---------- Available data

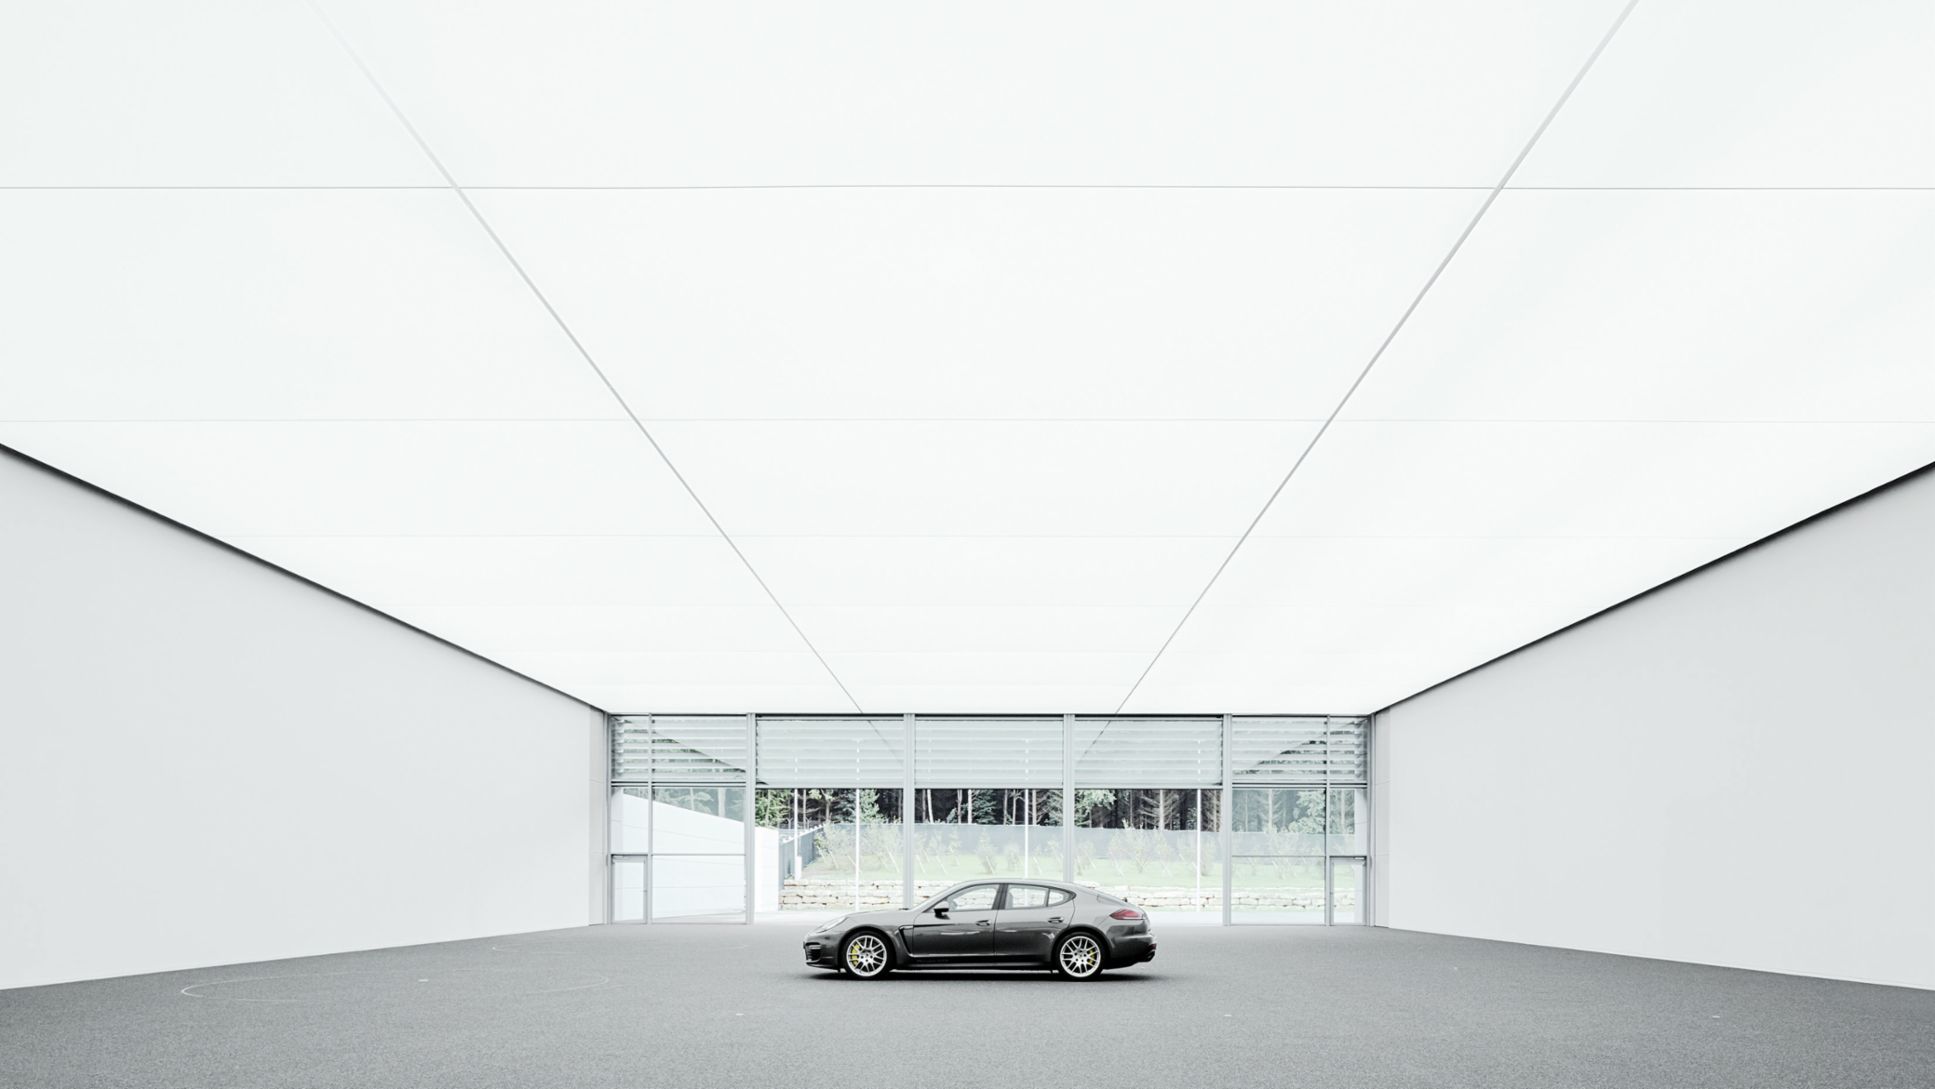 Panamera Turbo S Executive, Entwicklungszentrum, Weissach, 2014, Porsche AG
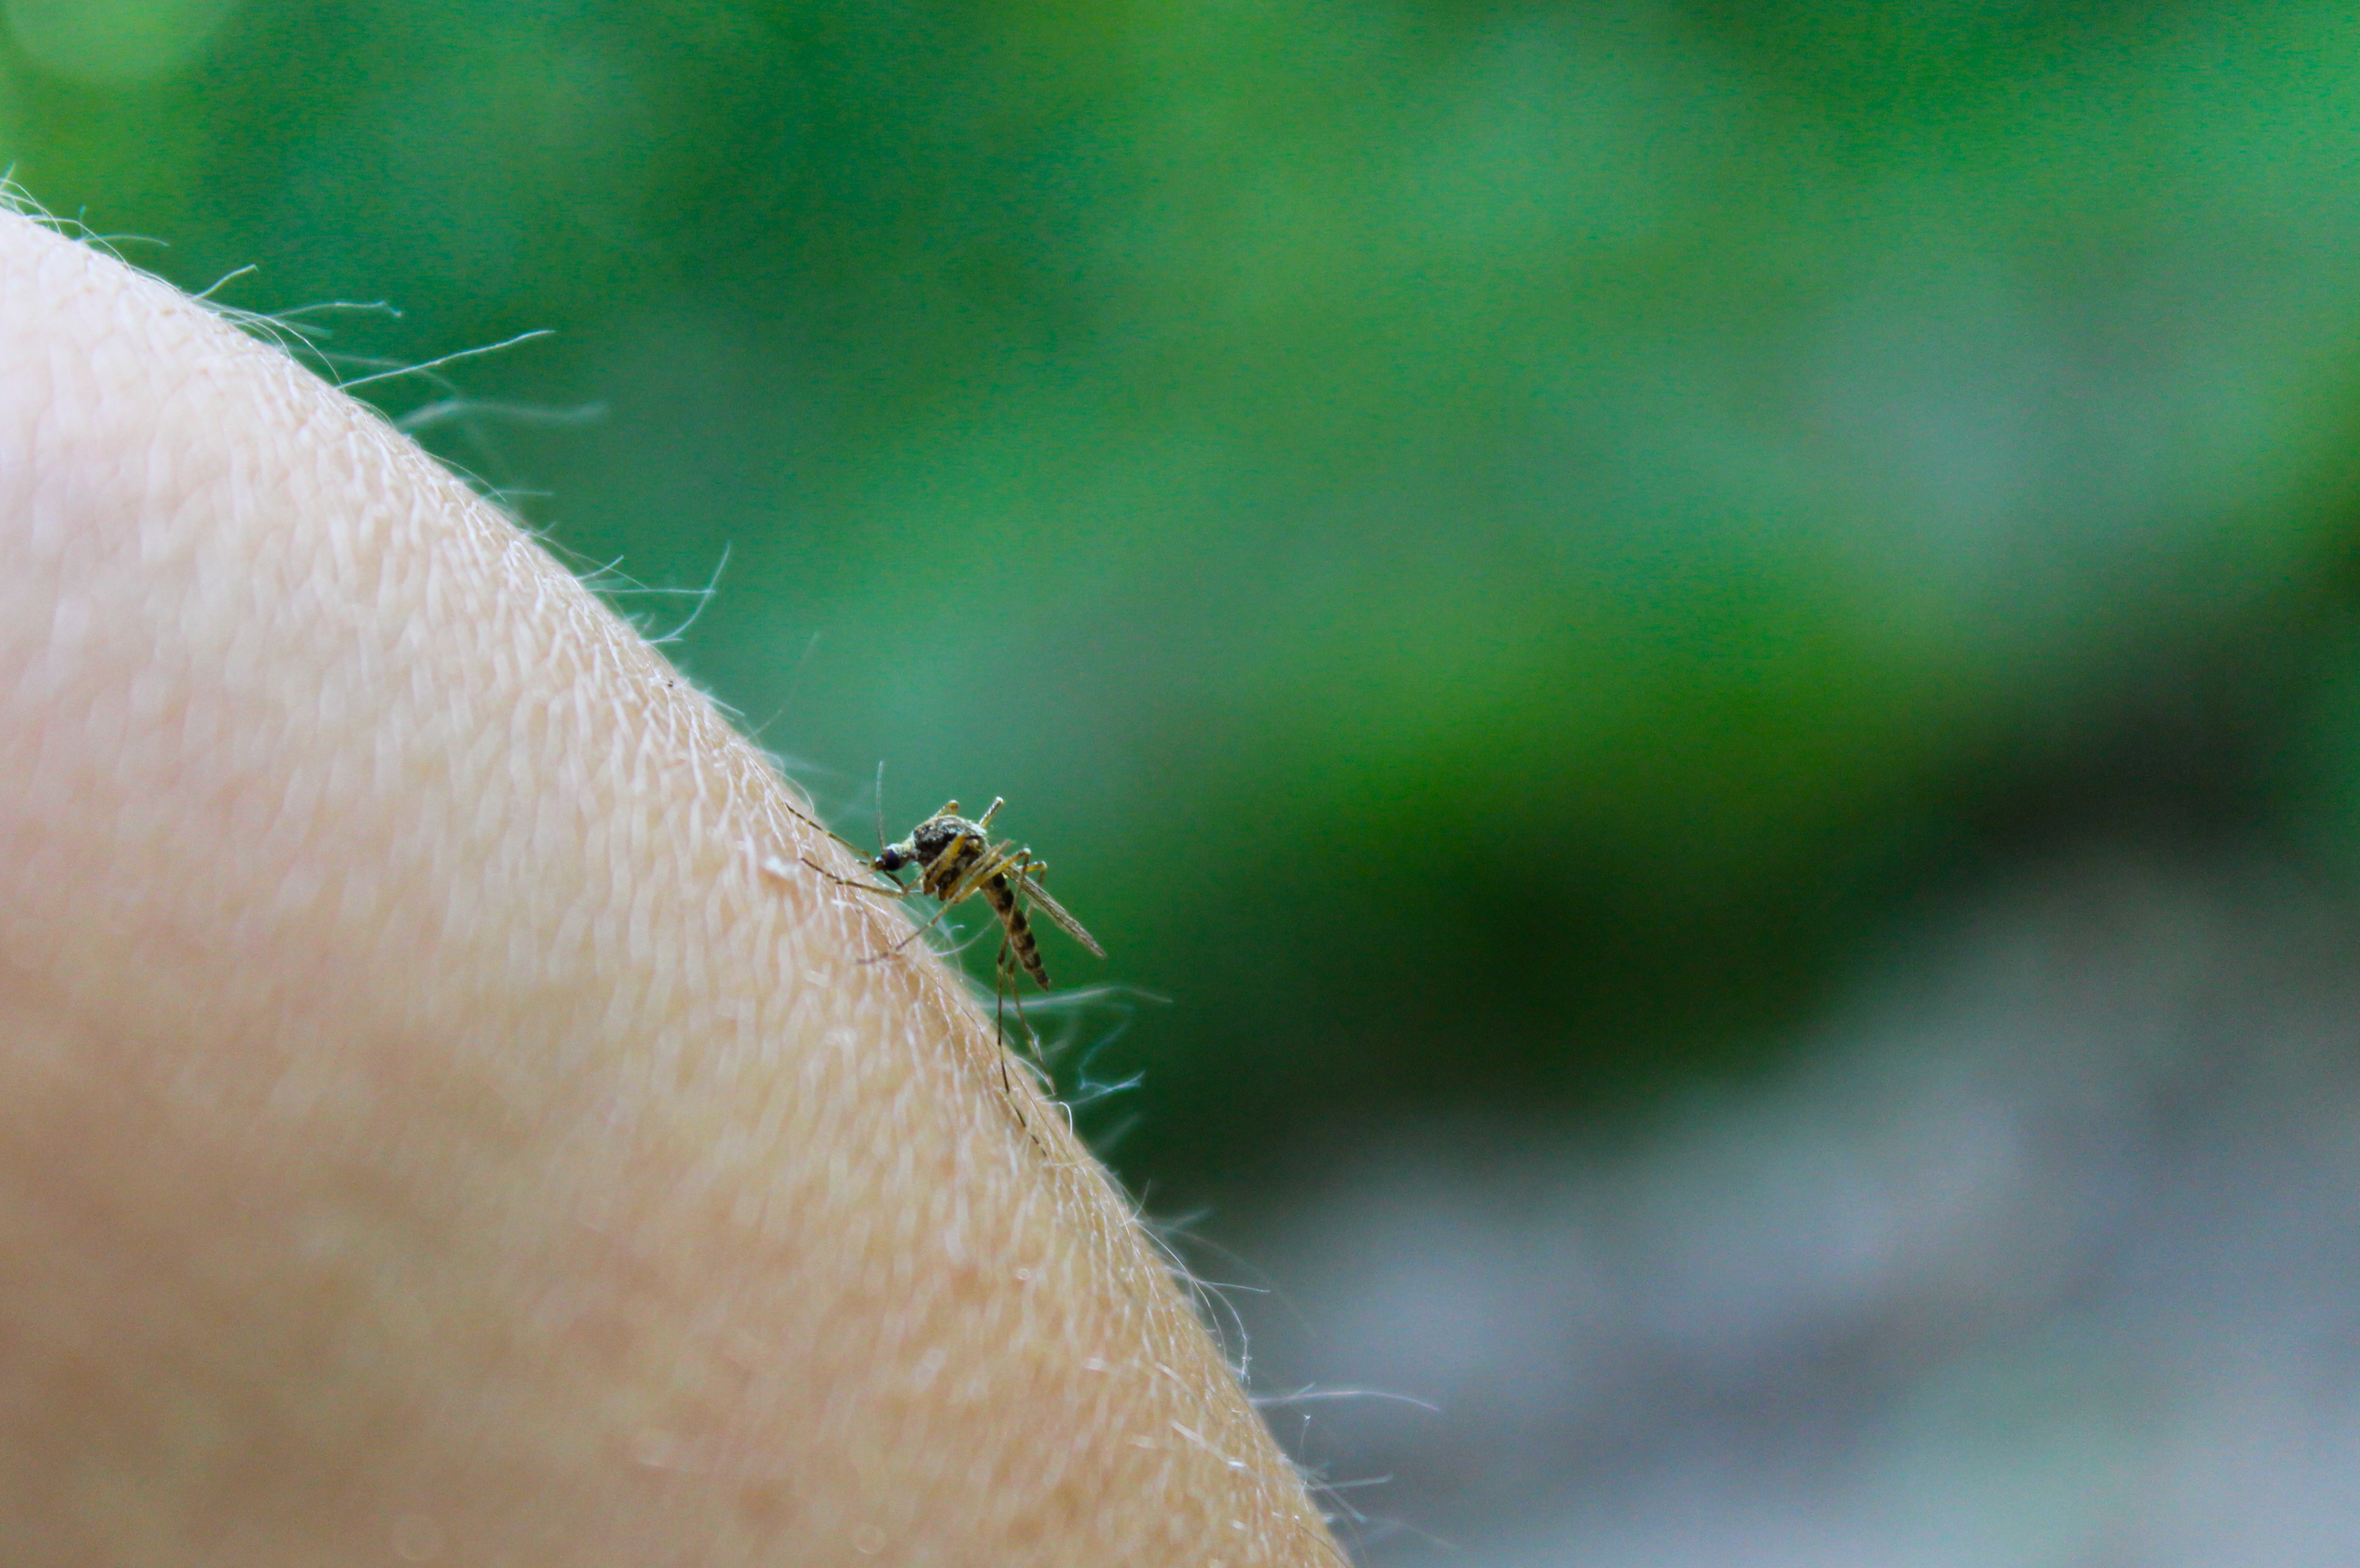 Bilde av mygg på huden til en person
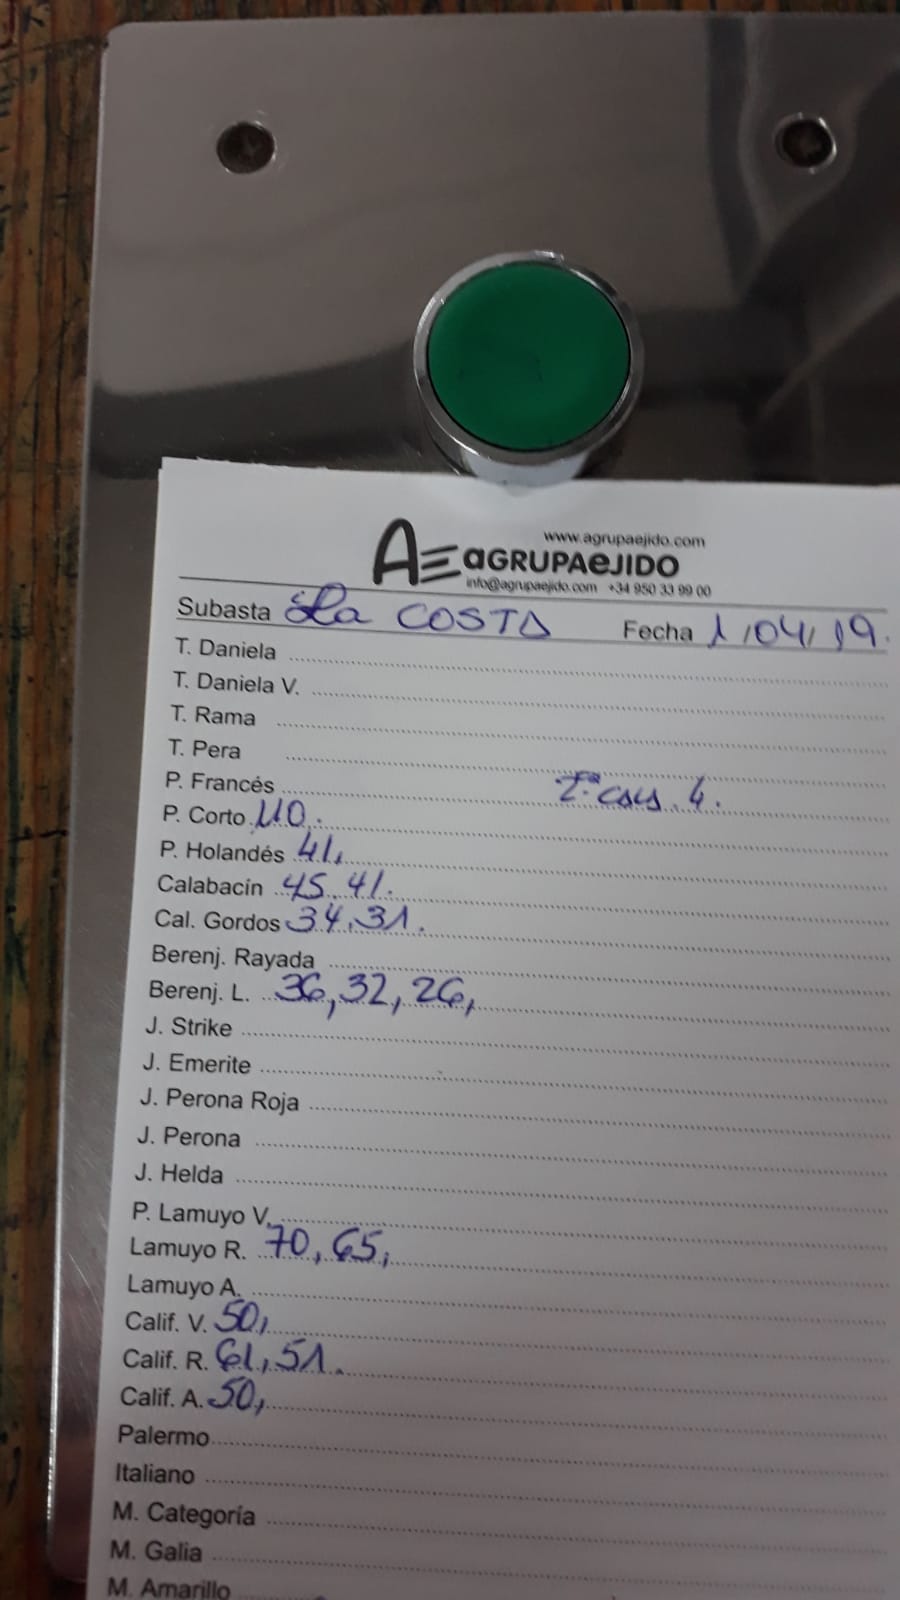 Subasta hortofrutícola AgrupaEjido La Redonda 1 de Abril 2019

--------------------

Assignment. From start to finish, output the listing exactly, but omit its pictures.

Result.
 Panamera Turbo S Executive, Entwicklungszentrum, Weissach, 2014, Porsche AG
 Bilde av mygg på huden til en person
 Subasta hortofrutícola AgrupaEjido La Redonda 1 de Abril 2019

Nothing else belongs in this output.